JAKARTA - Ketua Dewan Ekonomi Nasional (DEN) Luhut Binsar Pandjaitan mengatakan penurunan tarif resiprokal Amerika Serikat (AS) dari 32 persen menjadi 19 persen membuat produk ekspor Indonesia lebih kompetitif di pasar global.
Menurutnya, penyesuaian tarif itu merupakan bagian dari langkah kebijakan yang bersifat strategis untuk memperkuat rantai pasok, menarik investasi berbasis nilai tambah, dan memperkuat posisi Indonesia sebagai mitra dagang yang dihormati.
"Kita tidak sedang memberi karpet merah untuk pihak luar, tetapi justru membuka jalan yang lebih besar bagi produk dan pelaku usaha Indonesia untuk bersaing di pasar global. Ini adalah diplomasi ekonomi dengan visi jangka panjang yang jelas, yang berlandaskan kepentingan nasional," ujar Luhut dalam keterangannya di Jakarta, Kamis (17/7/2025).
Dalam kesepakatan itu, Indonesia mengambil langkah strategis dengan menyederhanakan tarif terhadap sebagian besar produk impor dari AS. Langkah ini merupakan bagian dari pendekatan timbal balik yang dinilai terukur dan menguntungkan kedua belah pihak.
"Kebijakan ini bukanlah konsesi sepihak, melainkan strategi untuk membuka peluang investasi, mendorong transfer teknologi, dan memperluas akses pasar ekspor Indonesia secara lebih kompetitif," ujar Luhut.
DEN juga telah melakukan simulasi ekonomi dengan dua skenario utama, yakni dengan tarif 32 persen dan 19 persen.
Hasil simulasi menunjukkan bahwa skenario kedua memberikan dampak ekonomi yang jauh lebih positif.
Produk domestik bruto (PDB) diprediksi naik sebesar 0,5 persen, didorong oleh peningkatan investasi dan konsumsi.

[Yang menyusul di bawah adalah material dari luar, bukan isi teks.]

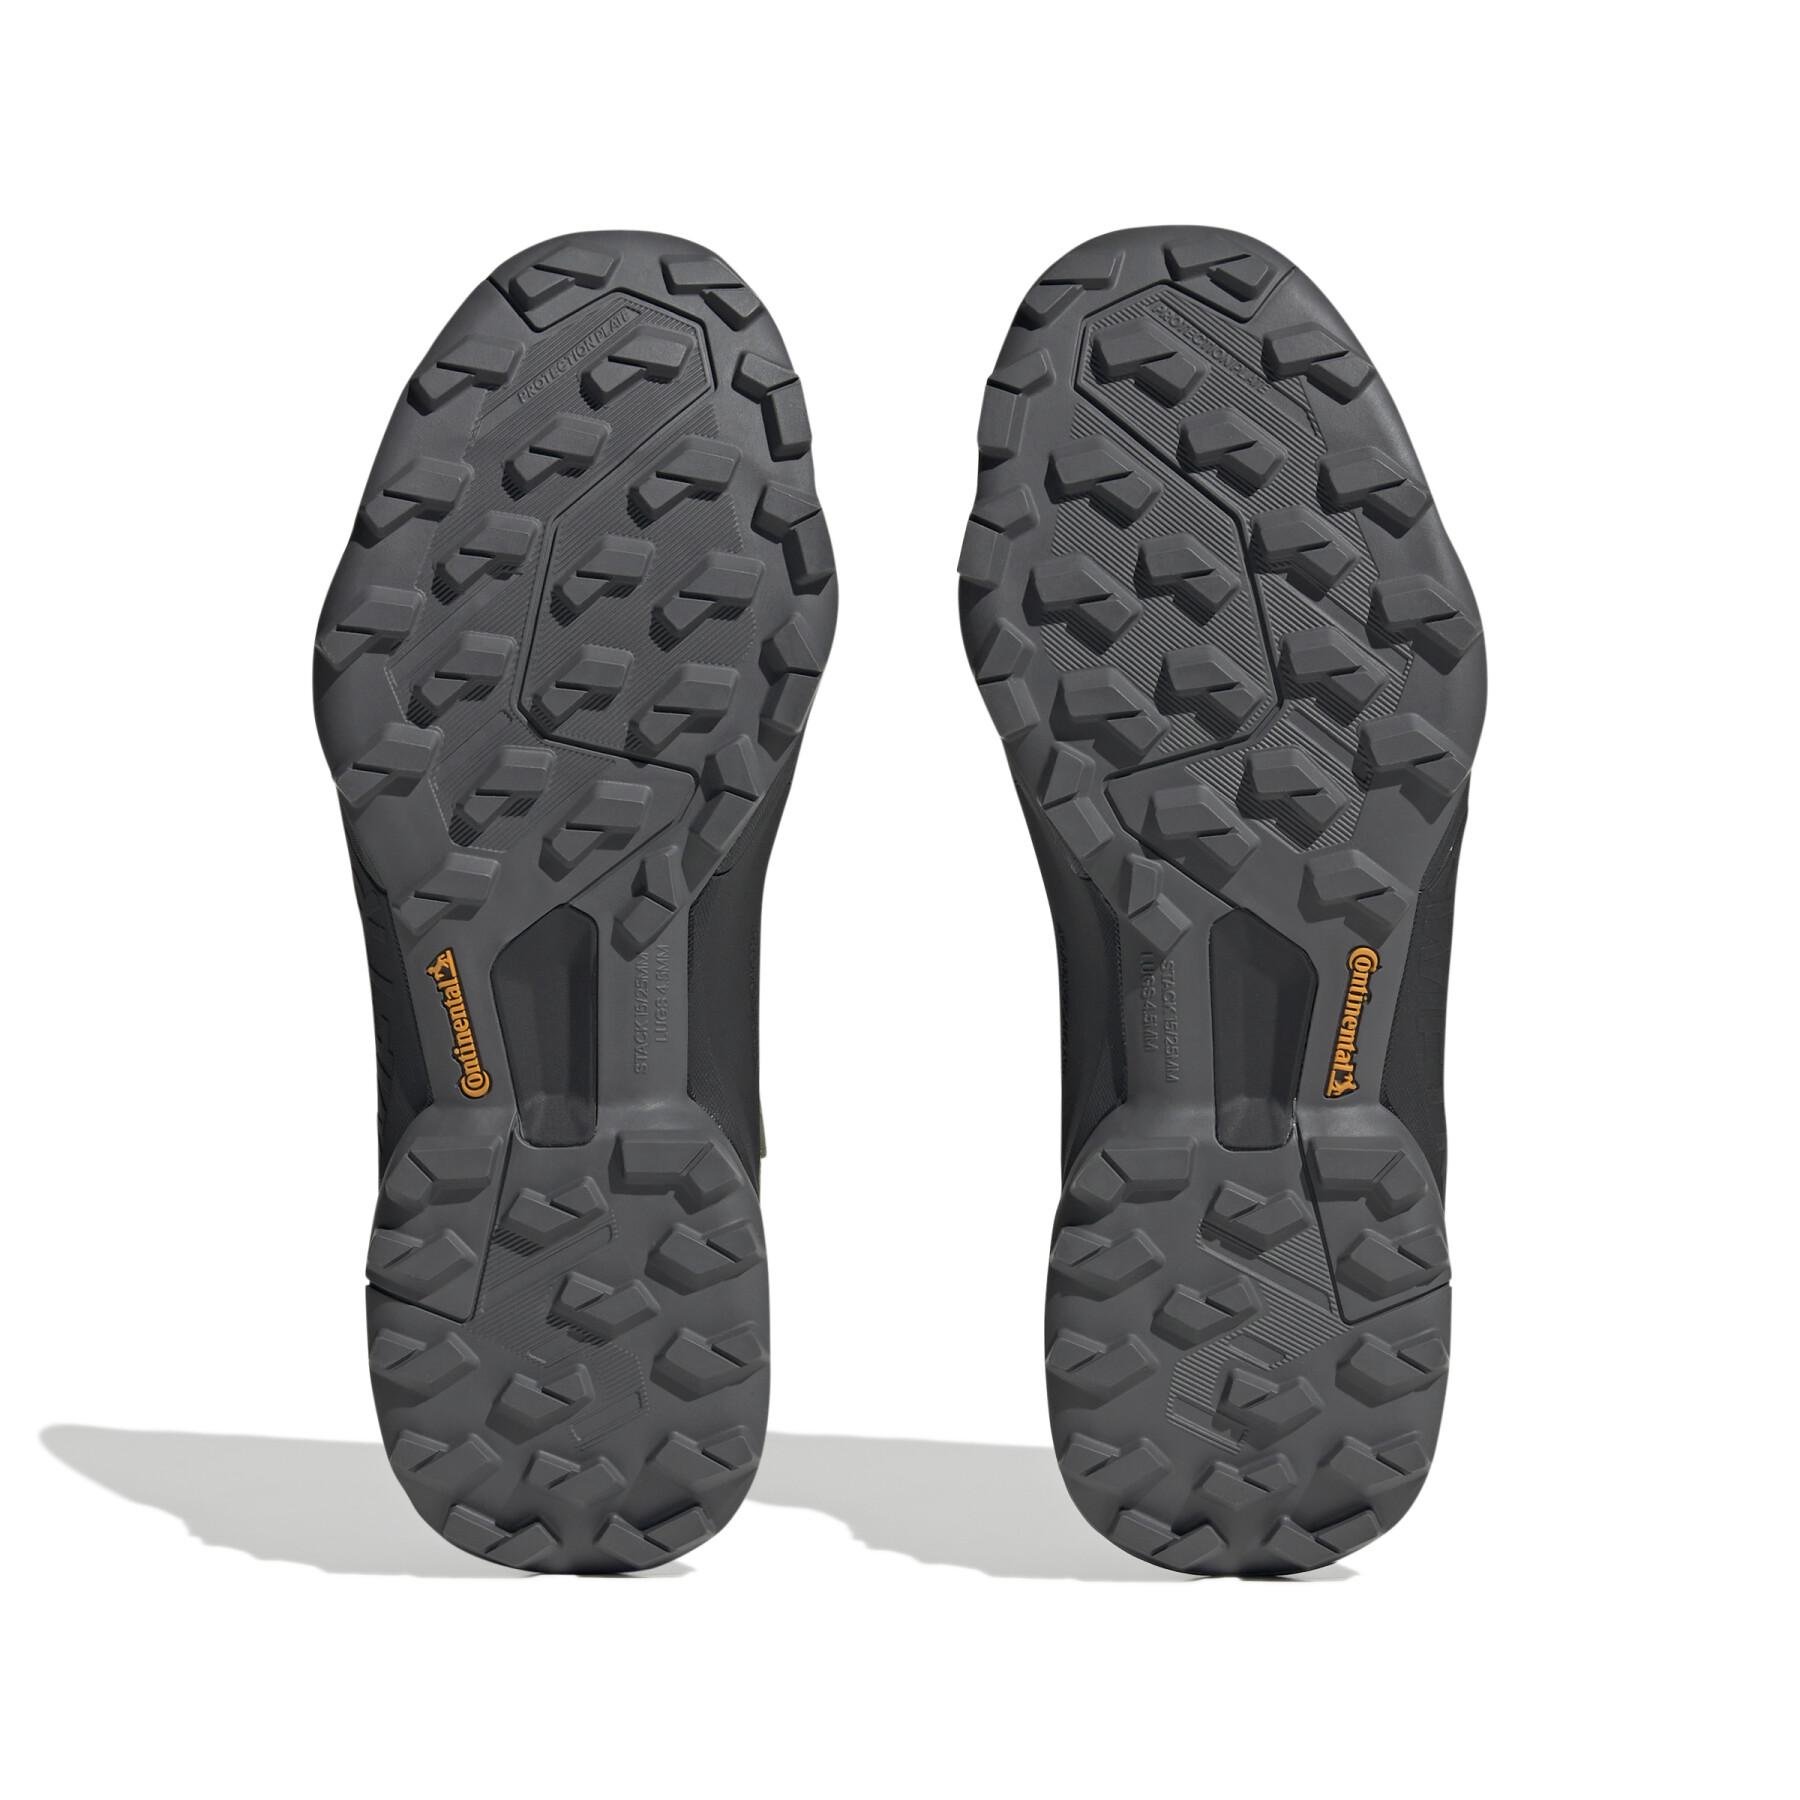 Chaussures de randonnée adidas Terrex Swift R3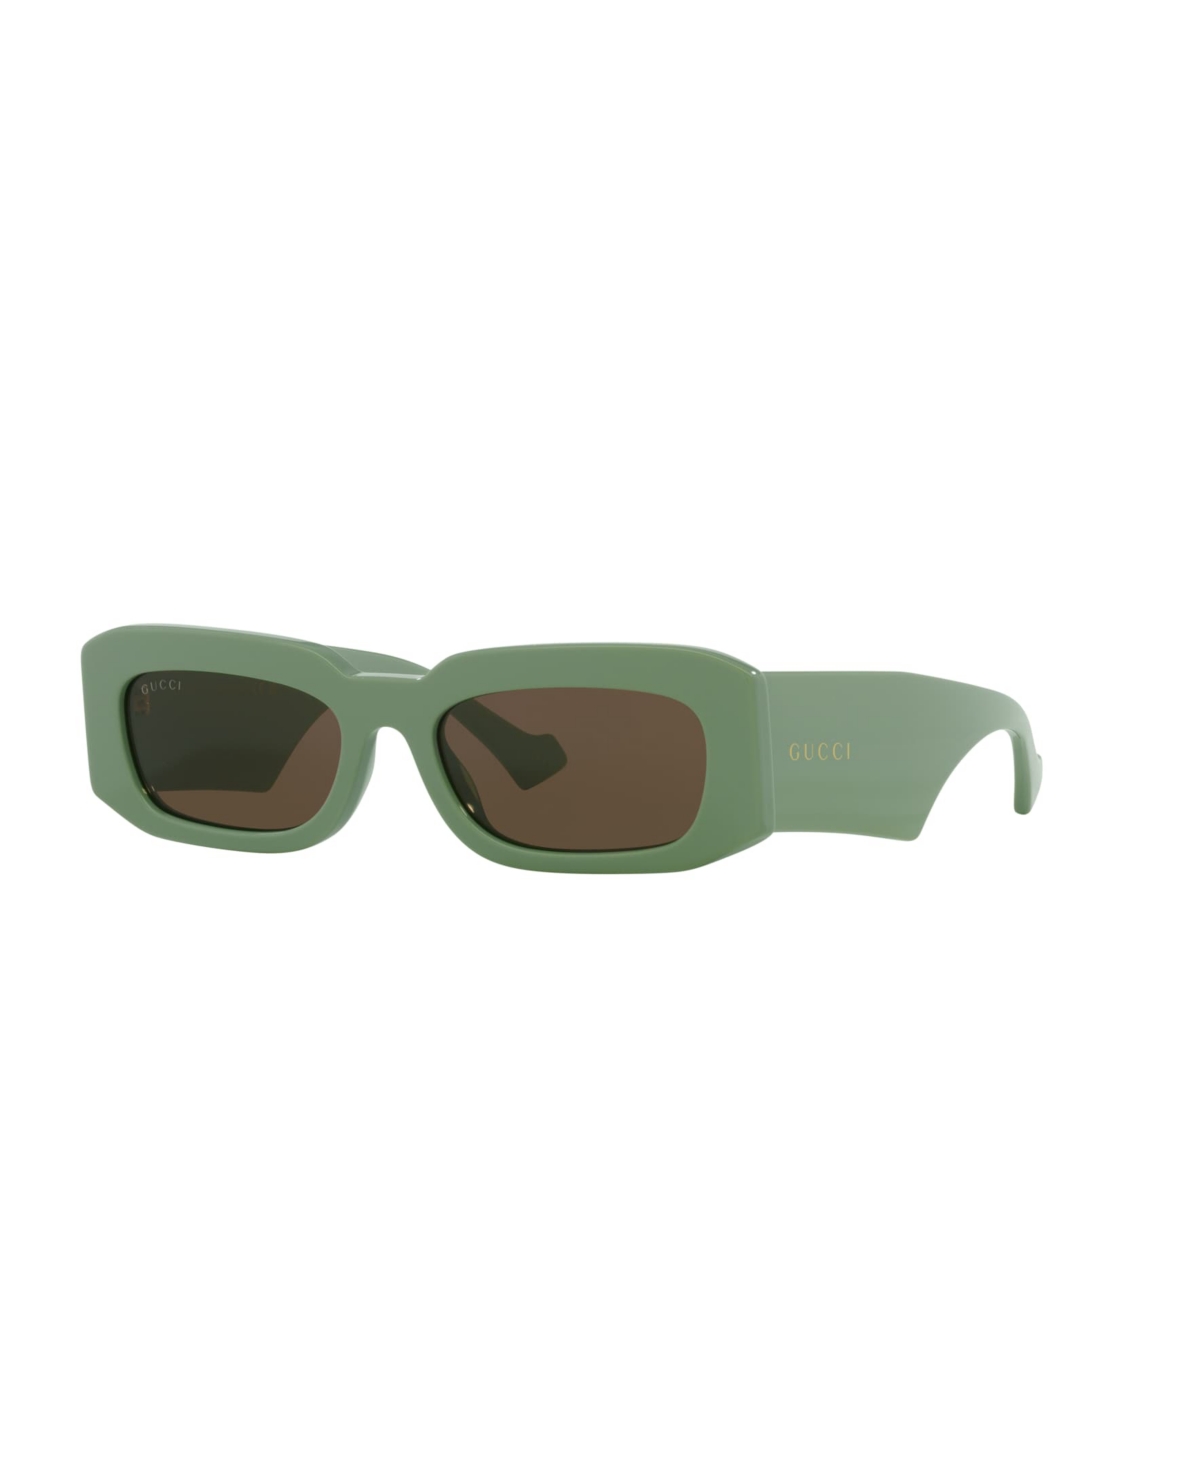 Men's Sunglasses, GG1426S - Green

Penyerapan tenaga kerja tumbuh sebesar 1,3 persen, sementara kesejahteraan masyarakat meningkat sebesar 0,6 persen.
Simulasi juga memperkirakan lonjakan investasi hingga 1,6 persen, yang menunjukkan potensi relokasi industri global ke Indonesia, terutama di sektor-sektor padat karya seperti tekstil, garmen, alas kaki, furnitur, serta perikanan.
"Indonesia menjadi negara dengan tambahan tarif AS paling rendah dibandingkan negara yang memiliki surplus perdagangan dengan AS dan juga diantara negara ASEAN lainnya. Ini tentunya memberikan kesempatan yang besar bagi Indonesia," kata Luhut.
Penurunan tarif itu pun dianggap membuka peluang besar bagi industri padat karya di Indonesia seperti tekstil dan produk tekstil, alas kaki, serta furnitur untuk memperluas akses pasar di AS dengan hambatan biaya yang lebih rendah.
Selain mendorong ekspor, kebijakan itu juga disebut berpotensi menarik minat investor asing untuk merelokasi industrinya ke Indonesia, demi memanfaatkan keunggulan tarif dalam mengakses pasar AS.
DEN juga melihat kesepakatan ini sebagai pijakan penting untuk mempercepat agenda deregulasi dan menurunkan biaya logistik serta produksi di dalam negeri (high cost economy).
Dengan demikian, bukan hanya ekspor yang terdorong, tetapi juga daya saing ekonomi nasional secara menyeluruh.
"DEN percaya bahwa arah kebijakan ekonomi nasional yang tepat dan berbasis data akan menjadi kunci dalam mengakselerasi pertumbuhan inklusif dan berdaya saing di era global," ujar Luhut.